Дамы и господа! Вопросом дня в хирургии в течение последнего десятилетия был вопрос о лечении ран. Ему посвящены были исторические изыскания, опытные исследования и клинические наблюдения. При таком многостороннем изучении вопрос о лечении ран выдвинулся на первый план и в настоящем своем виде представляет фокус, в котором отражаются идеи современной патологии и то строго научное направление, которому хирургия обязана своими огромными успехами. Я не опасаюсь, что слишком утомлю ваше внимание, предпослав исторический очерк лечения ран; в этом очерке мы станем на ту точку отправления, которая раскроет нам непрерывную последовательность мыслей, путем которых подготовлена была почва для противогнилостного лечения ран, составляющего эпоху в развитии хирургии.
В древнейшие времена эмпиризм играл существенную роль в медицине и в лечении ран. Всевозможные средства, между которыми многие поражали своею незатейливостью, употреблялись для заживления ран; большинство из них перешло в сборники народных средств и сделалось достоянием знахарей и нашего времени. В лекарственных средствах искали той целебной силы, которая должна была заживлять раны; подобное представление совершенно естественно для того отдаленного времени, когда все непонятное представлялось чем-то чудесным и таинственным; тогда как в то же время применялись уже такие чисто хирургические приемы, целесообразность которых вызывает наше удивление и остается до сих пор незыблемой; возьмем для примера разрез свища, прободение черепа (trepanatio), прободение грудной клетки и некоторые другие операции. Те осложнения ран, которые составляют бичи наших хирургических отделений (рожа, воспаление клетчатки и др.), были известны древним врачам; только причины их они объясняли ядовитостью ран или ядовитыми свойствами их отделений. Ввиду таких соображений для лечения ран придумывались сложные мази и лекарственные жидкости, в состав которых входили разные бальзамы, смолы, вино (спирт), металлические соли, предназначавшиеся для уничтожения предположенной ядовитости их; с этой же целью употреблялось позднее выжигание огнестрельных ран раскаленным железом или кипящим маслом.

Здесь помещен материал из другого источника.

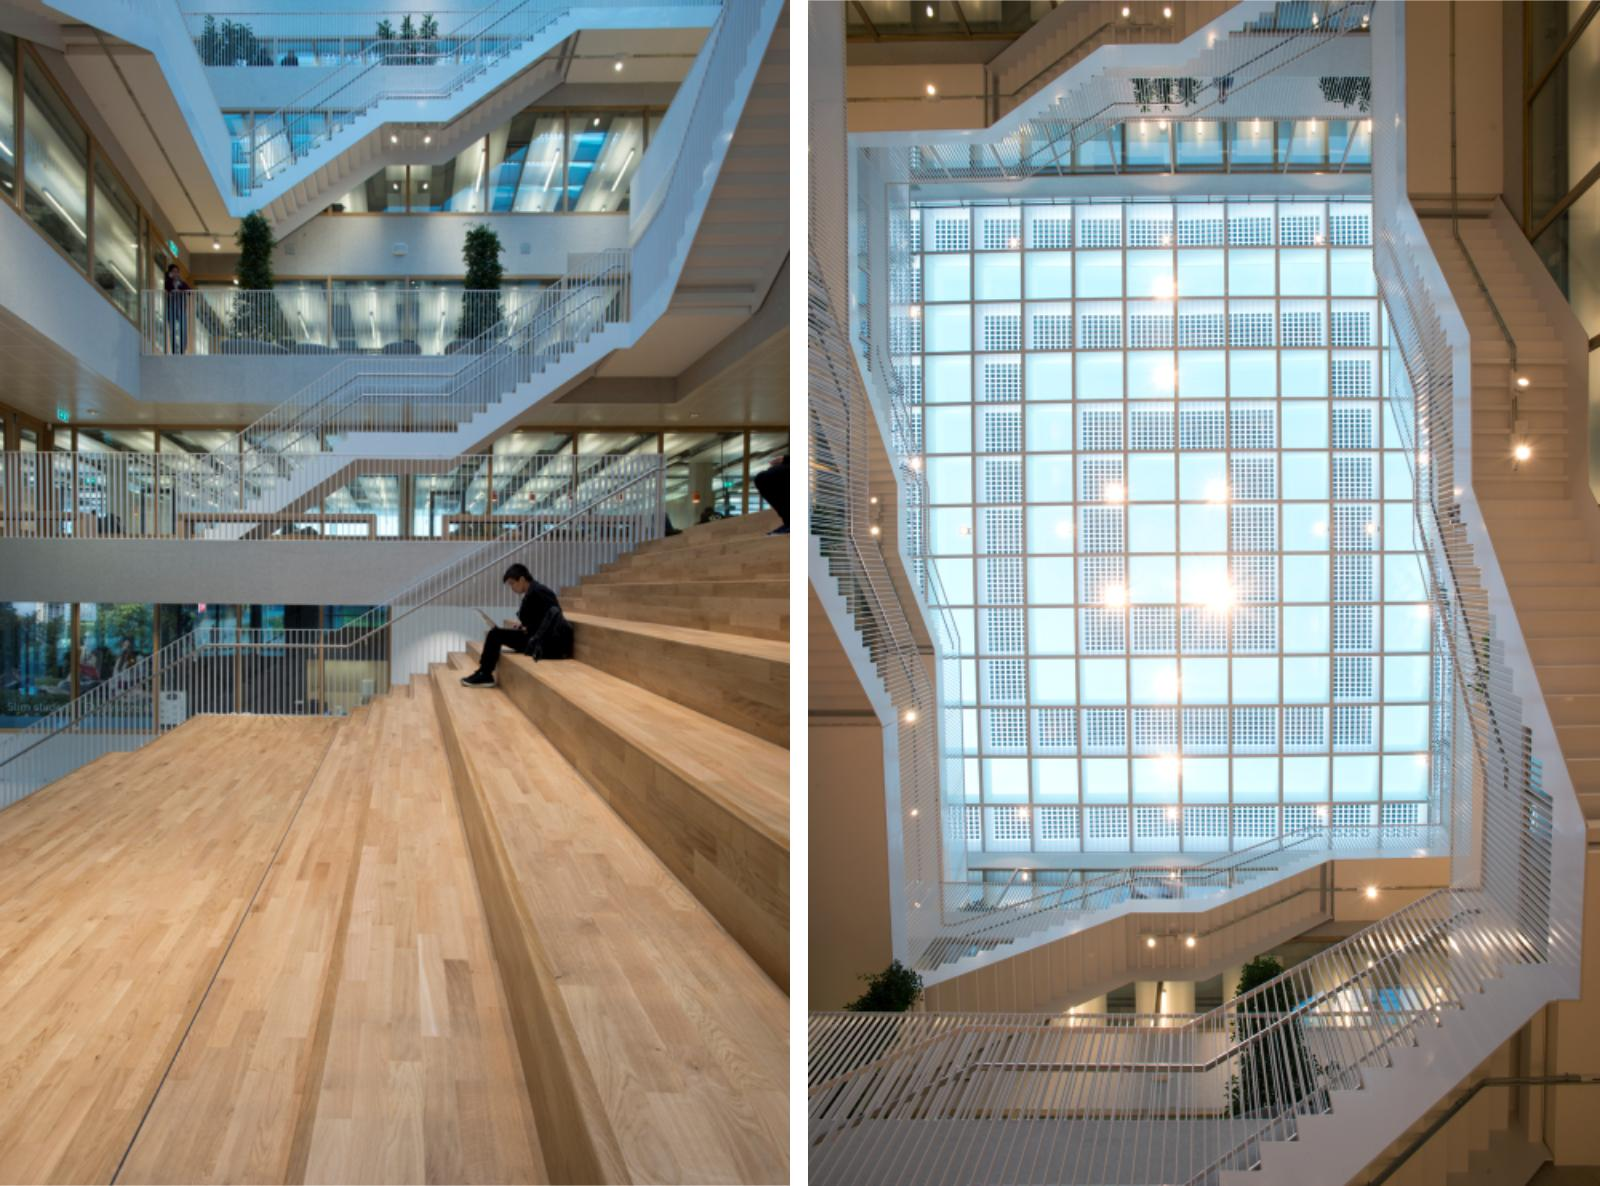 Polak Building Erasmus University Rotterdam By Paul De Ruiter Architects 10

Всего легче можно составить себе представление о лечении ран в отдаленное от нас время, приведши слова древних французских хирургов, которые, окончив трудную операцию, обыкновенно говорили: «Coperation est faite, Dieu le guerira». Врач производил операцию, но он был бессилен предотвратить те случайности, которые могли осложнить рану, и не только рану случайного происхождения, но и всякую правильную, нанесенную рукой хирурга ввиду известных терапевтических целей.
Более пытливые умы не довольствовались, однако ж, подобными объяснениями осложнений ран и не хотели оставаться беспомощными наблюдателями. Доискиваясь ближайших причин этих осложнений, они пытались объяснить себе сущность их, и все чаще и чаще стали раздаваться голоса о вредном влиянии воздуха на заживление ран. Это вредное влияние некоторые врачи приписывали действию кислорода воздуха или каким-то посторонним примесям к нему. Знаменитый хирург XVI столетия Ambrosius Paraeus писал в своей хирургии: «Ergo salubris ille demum аёг estimandus est, qui serenus, tenuis, purus, et in omnem partem liber et patens existit, qui procul abest ab omni cadaverosa caesorum animantium, aliarurnve quarum libet rerum putrentium inquinatione, qui Ion – ge dissitus est astagnis, paludibus etc».
Подобные заявления, не имевшие фактической почвы, оставались в области гадательных предположений. На основании их тем не менее прибегали к употреблению всяких весьма сложных мазей, в состав которых входили бальзамические, смолистые начала и разные другие снадобья; мази приготовлялись при помощи разлагающихся жиров. При посредстве этих мазей вносились в раны вещества, которые вредно влияли и препятствовали заживлению их. Врачи же не замечали всего этого и наперекор логике старались изобретать еще более сложные мази, как будто бы в них-то и заключалось спасение.
В 1809 г. Kern (в Вене) выступил с совершенно противоположным взглядом на дело лечения ран. Протестуя против существовавших в то время приемов вообще, он перестал употреблять мази, фабрикованные ad schedulam longissimam; далее он стал отвергать всякое лечение ран и ограничивался тем, что орошал рану тепловатой водой два раза в течение суток, на остальное же время прикрывал ее куском ветоши, смоченным в чистой воде. Это было начало открытого лечения ран, способа, окончательно разработанного в 20-х годах нашего столетия.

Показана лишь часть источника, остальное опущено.